Testing the gene makeup of paediatric tumours is now standard in Europe for children where the disease returns. The ESMART trial is a new clinical trial for children with cancer which contains many different treatment arms with novel drugs, and the idea is to match the gene changes in the tumour to the right novel drug treatment.
Two arms of this trial investigate a drug called PARP inhibitor (PARPi). In adult cancer patients, changes in genes called BRCA1and 2 are linked with response to treatment.
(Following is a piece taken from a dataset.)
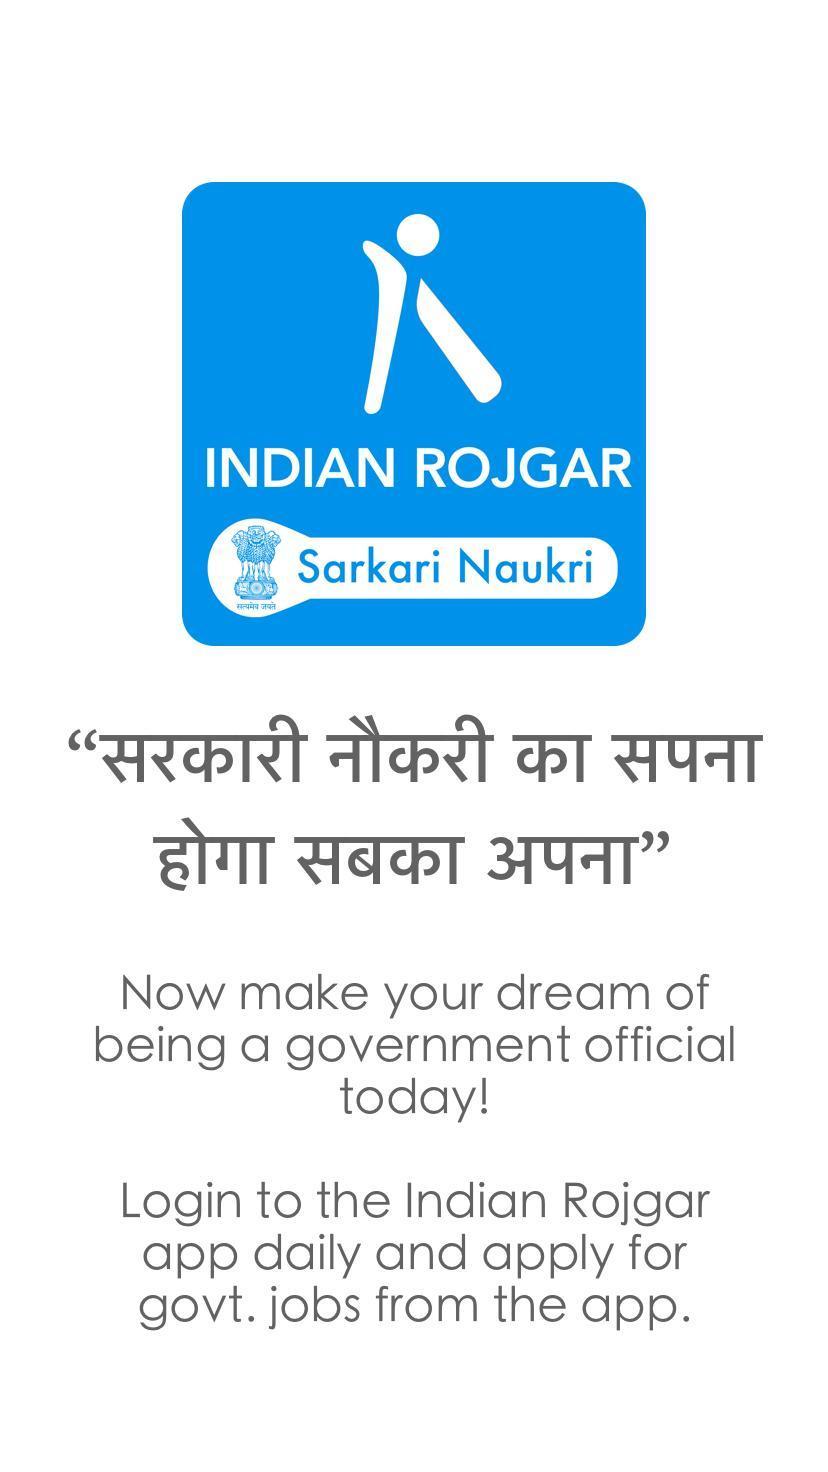 Sarkari Naukri for Android - APK Download
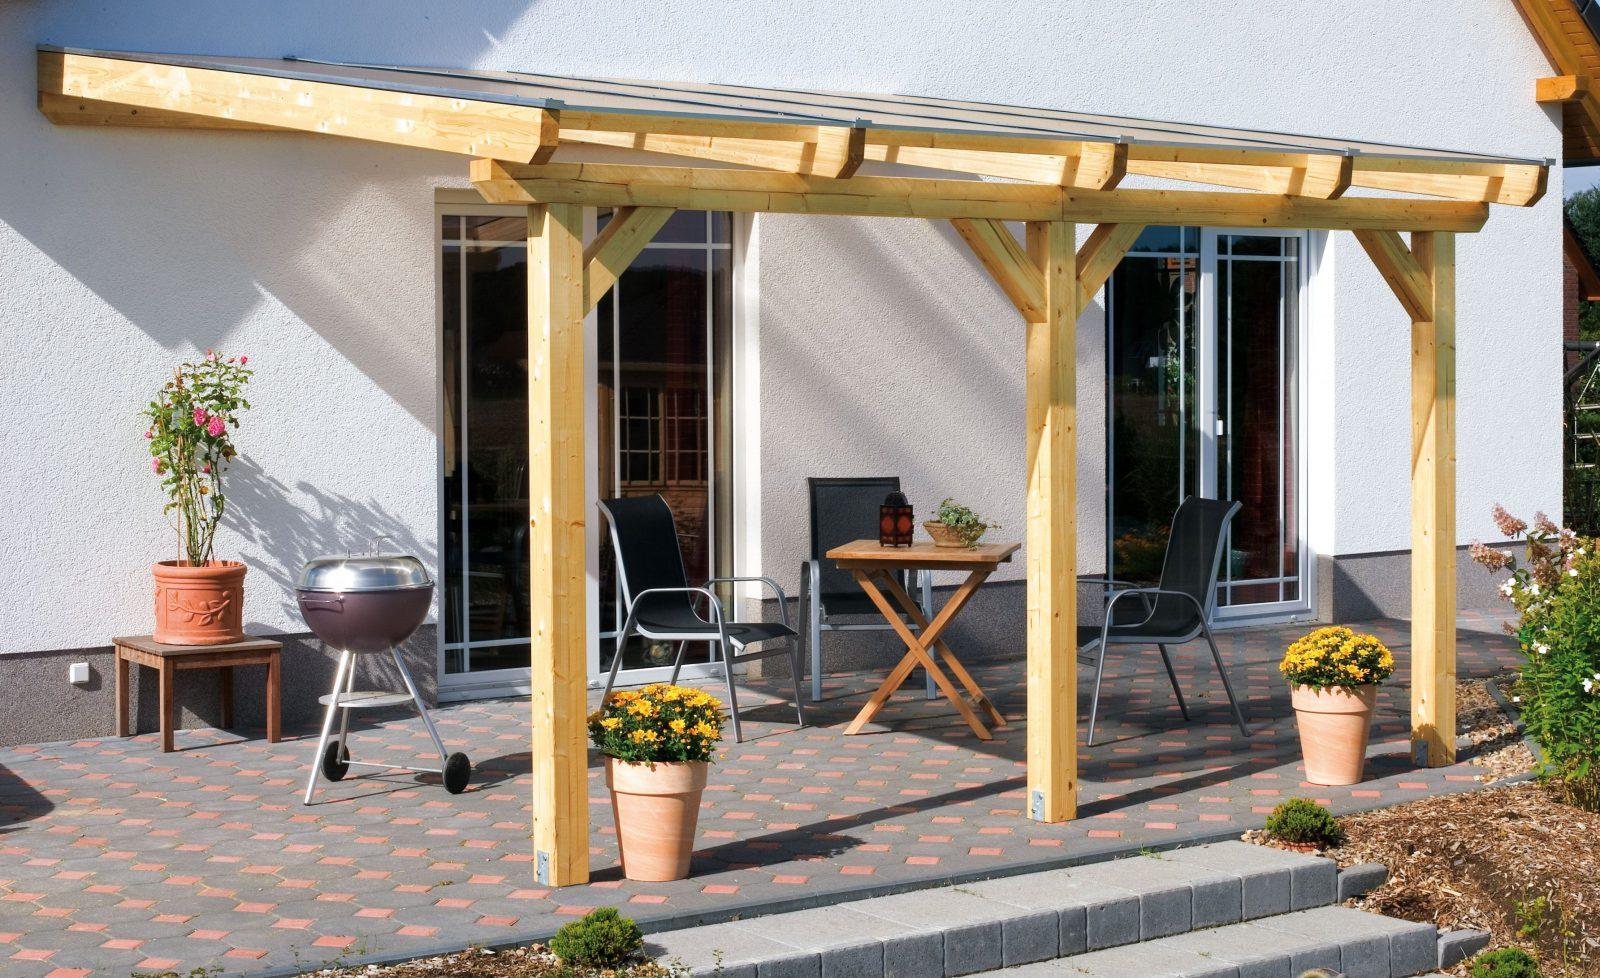 Terrassenüberdachung Bauanleitung Frisch Terrassenüberdachung Holz von Überdachung Holz Selber Bauen Bild

In the lab, paediatric tumours respond to PARPi, although they do not have changes in the BRCA genes.This project aims to identify better markers to select paediatric patients for PARPi treatment.
Clinical and genetic data in some patients in the trial showed that 3 out of 5 children who benefited from PARPi had changes in a gene called ATM, but we also know that another gene (SLFN11) and the message which genes make (mRNA) may be important in the response to treatment. We plan to assess the presence of ATM and SLFN11 expression in tumour tissue through a technique called staining, and to analyse the mRNA from the tumour tissue. We will investigate tumour tissue from ~110 patients and we will investigate blood of neuroblastoma patients at time points throughout treatment to see if we can detect gene damage (a sign for cell death) in tumour cells found in blood which could be an early marker for response.
Through this analysis we will find better markers to select children for PARPi treatment.